I don't know what's going on, but maybe I should have done my kid check earlier. I barely even felt a twitch (and I'm not 100% sure I did), but I can't feel the kids moving. I can feel lumps on her belly, but no movement from them. There's no discharge, and sometimes they won't be in the same place, but if they are dead, would she abort now, or would she carry them to term? Is the movement something I should be really concerned about, or could it just be a sign of no room left in her uterus?


----------



## milk and honey (Oct 31, 2010)

*Re: Zelda's (Jenny's) countdown begins! *concerned**

I would just wait and try to feel again later... My girl's belly seemed to still for the last few days... but last night it was back to thumping and bumping around.. sometimes it's all timing.
Or perhaps they are quieting down before they enter the world!


----------



## toth boer goats (Jul 20, 2008)

*Re: Zelda's (Jenny's) countdown begins! *concerned**

Sometimes ...you won't feel kid movement... where are you feeling?

feel just in front of her udder or ...on her right side..... feel at different times of the day....

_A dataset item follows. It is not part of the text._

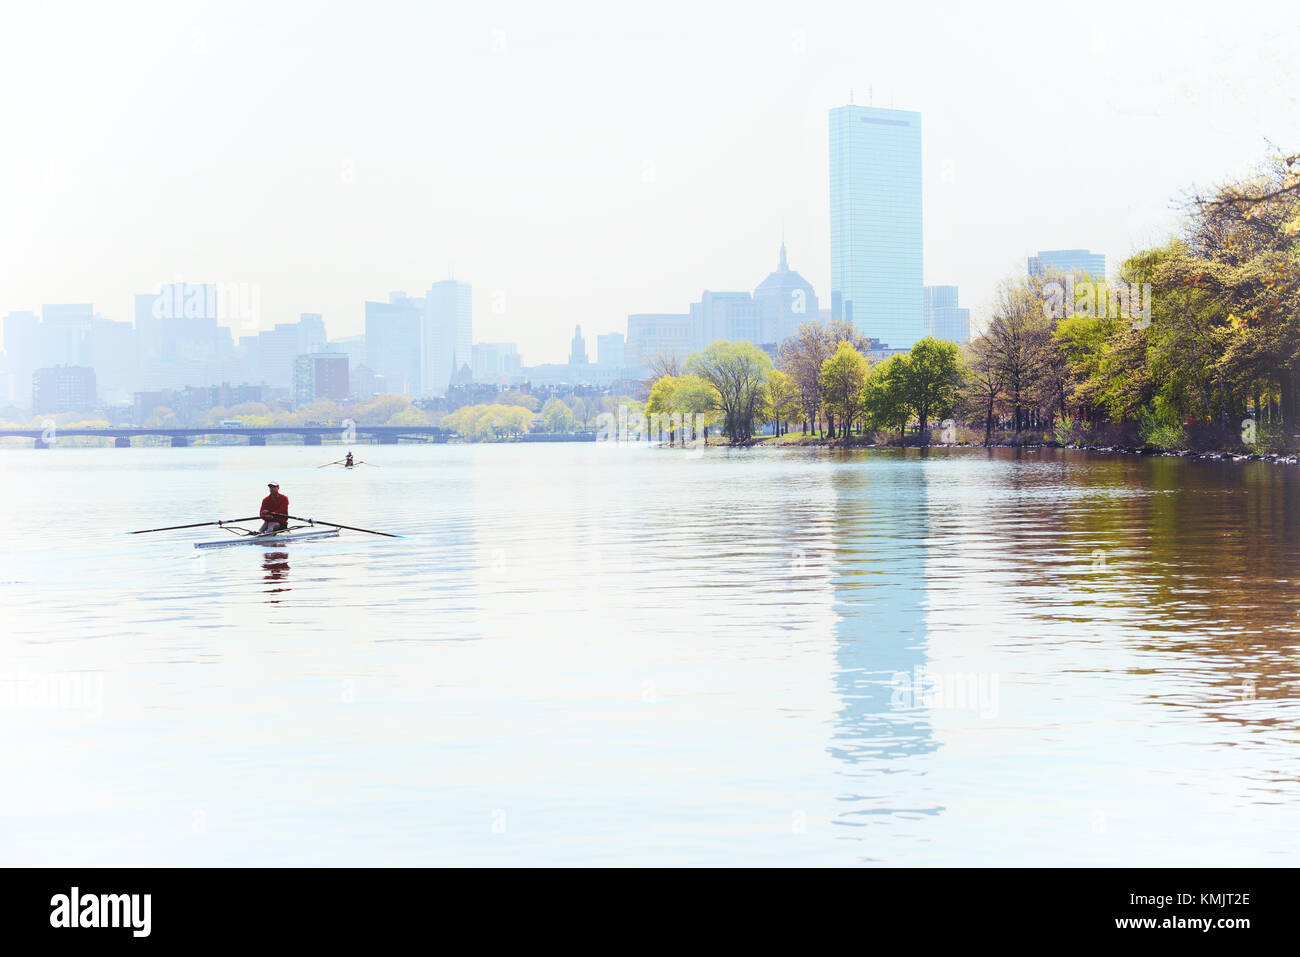 Nebeliger morgen in Boston. Ruderer in Charles River, City Skyline im Hintergrund. Stockfoto

If by any chance... she has dead kids in there....she should carry them to term ....unless something is majorly wrong.... and it makes her go into a premature labor....


----------



## TheMixedBag (Oct 16, 2010)

*Re: Zelda's (Jenny's) countdown begins! *concerned**

I've been able to feel them pretty much anywhere from about 6" in front of the udder all the way up on the right side. They've been feeling pretty far back to me, and pretty high up. I'm still feeling the lumps in the same general area, too.


----------



## TinyHoovesRanch (Jan 16, 2010)

*Re: Zelda's (Jenny's) countdown begins! *concerned**

When babies get ready to come out, they dont usually move, I never feel movement in the last few days, because they are getting ready, so they move into the canal and stop moving. Yours could be doing that, or sleeping. On one of my girls I NEVER felt movement, just saw lumps, and she kidded with 2 healthy WILD little babies, so try to stay positive.


----------



## TheMixedBag (Oct 16, 2010)

*Re: Zelda's (Jenny's) countdown begins! *concerned**

I'm more concerned for her health at the moment, since the kids are probably going to end up as slaughter kids anyways. I'll have my husband do a recheck and see if we can't dig out a stethoscope and hear something.


----------



## TinyHoovesRanch (Jan 16, 2010)

*Re: Zelda's (Jenny's) countdown begins! *concerned**

Whats wrong with her? Is she acting weird?


----------



## TheMixedBag (Oct 16, 2010)

*Re: Zelda's (Jenny's) countdown begins! *concerned**

She's not really doing anything different right now, she's still wolfing down feed, keeping away from the other 2 (they don't agree with each other-at all), etc. The only thing she's been doing different is she's been more lovey than usual, and has taken to licking my hair when I'm bent over poking and prodding. She started that one last week.


----------



## TheMixedBag (Oct 16, 2010)

*Re: Zelda's (Jenny's) countdown begins! *concerned**

Problem solved, kinda. I think one of the kids got twisted so that all I could feel was butts all around. I put my hand right on her belly button and he half-heartedly kicked a couple of times, so I think we're OK for a few more weeks at least.


----------



## liz (Oct 5, 2007)

*Re: Zelda's (Jenny's) countdown begins! *concerned**

I'm sure that everything is fine. One thing that I noticed with my first stillbirth...Binkey went into labor on day 147, 2 days prior, the kid was at the very bottom of her belly, and felt like a brick..when I pushed upward, it fell back like a brick. If you've felt even slight movement, all is well...babies are just running out of room to move easily.


----------



## TheMixedBag (Oct 16, 2010)

*Re: Zelda's (Jenny's) countdown begins! *concerned**

New pics! We've got another 6-7 inches on the ground, so everyone was hiding in the barn. I brought Milky out so I could take better pictures.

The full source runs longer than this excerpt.